The arrangement of elements so their edges or centre axes line up along a common line, creating visual order and an implied connection between the aligned parts.

What it is

Alignment is how a layout tells the eye that separate elements belong together. When a heading, a paragraph, and a caption all share a left edge, the eye reads them as one connected group even when space separates them; the invisible line they share does the connecting. Nothing in a designed layout should be placed arbitrarily — every element should align with something else on the page, which is why alignment is one of the four classic principles of layout alongside proximity, contrast, and repetition.

Alignment operates at two scales. Within a paragraph it describes how lines of type meet the column edges — flush left (ragged right), flush right, justified (flush both), or centred. Across a layout it describes how blocks line up to the columns and flow lines of a typographic grid. Strong edge alignment is what makes a grid-built page feel crisp; broken alignment is the most common reason an amateur layout looks untidy.
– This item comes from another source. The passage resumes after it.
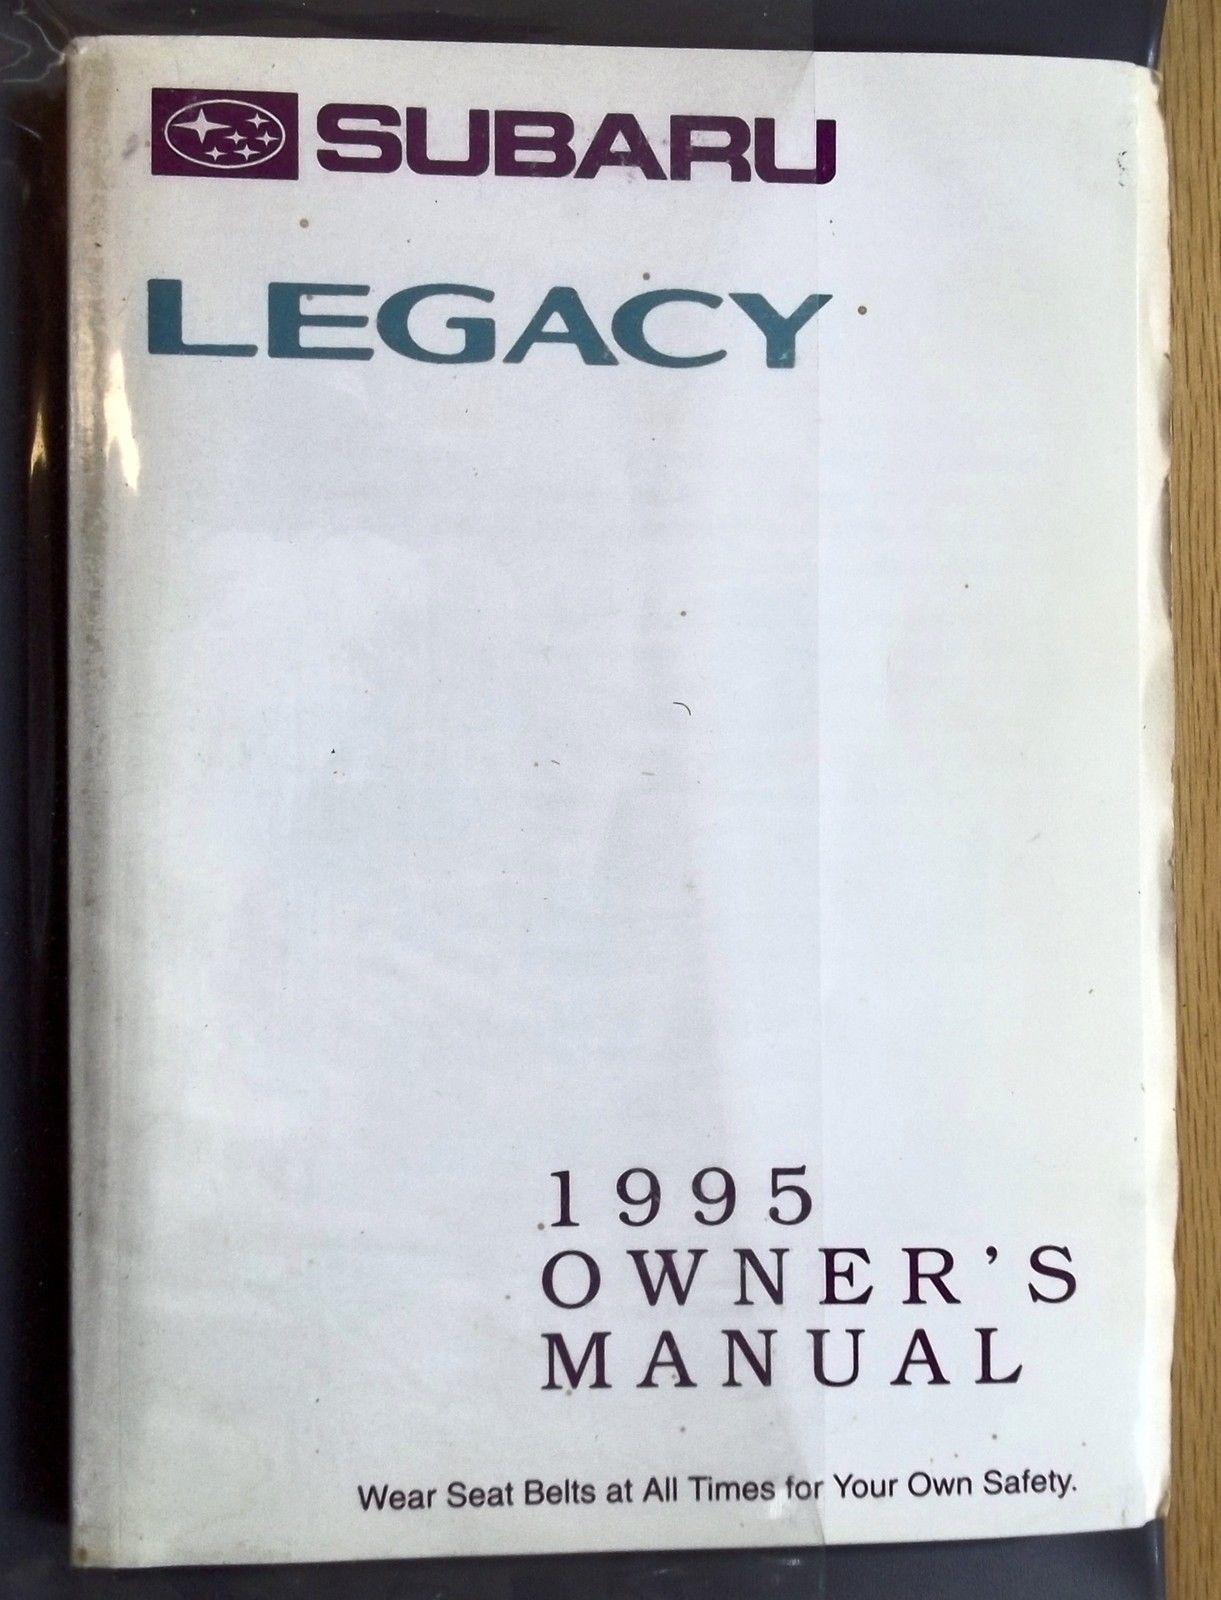 Subaru Legacy Car Auto Automobile Drivers Owners Manual 1995

Three text blocks sharing a common left edge marked by a vertical alignment lineshared left edge
Three blocks aligned to a common left edge (dashed line).

Etymology

From the French aligner ("to put in a line"), alignment entered design vocabulary from surveying and military drill. Its perceptual basis is the Gestalt principle of continuity — the mind prefers to see elements arranged along a continuous line as related. Josef Müller-Brockmann's grid theory makes alignment to shared axes the organising logic of the page, and Ellen Lupton frames it as a core layout principle in Thinking with Type.

Examples in use

"Set the body flush left so the ragged right edge keeps even word spacing." A designer aligns every caption to the left edge of the image it describes so the connection is unmistakable. In interface design, aligning form labels to a single axis lets the eye scan a field list top-to-bottom without horizontal hunting.

References

  1. Lupton, Ellen. Thinking with Type, 2nd ed. Princeton Architectural Press (2010). ISBN 978-1-56898-969-3.
  2. Müller-Brockmann, Josef. Grid Systems in Graphic Design. Niggli (1981). ISBN 3-7212-0145-0.
  3. Williams, Robin. The Non-Designer's Design Book, 4th ed. Peachpit Press (2014). ISBN 978-0-13-396615-2.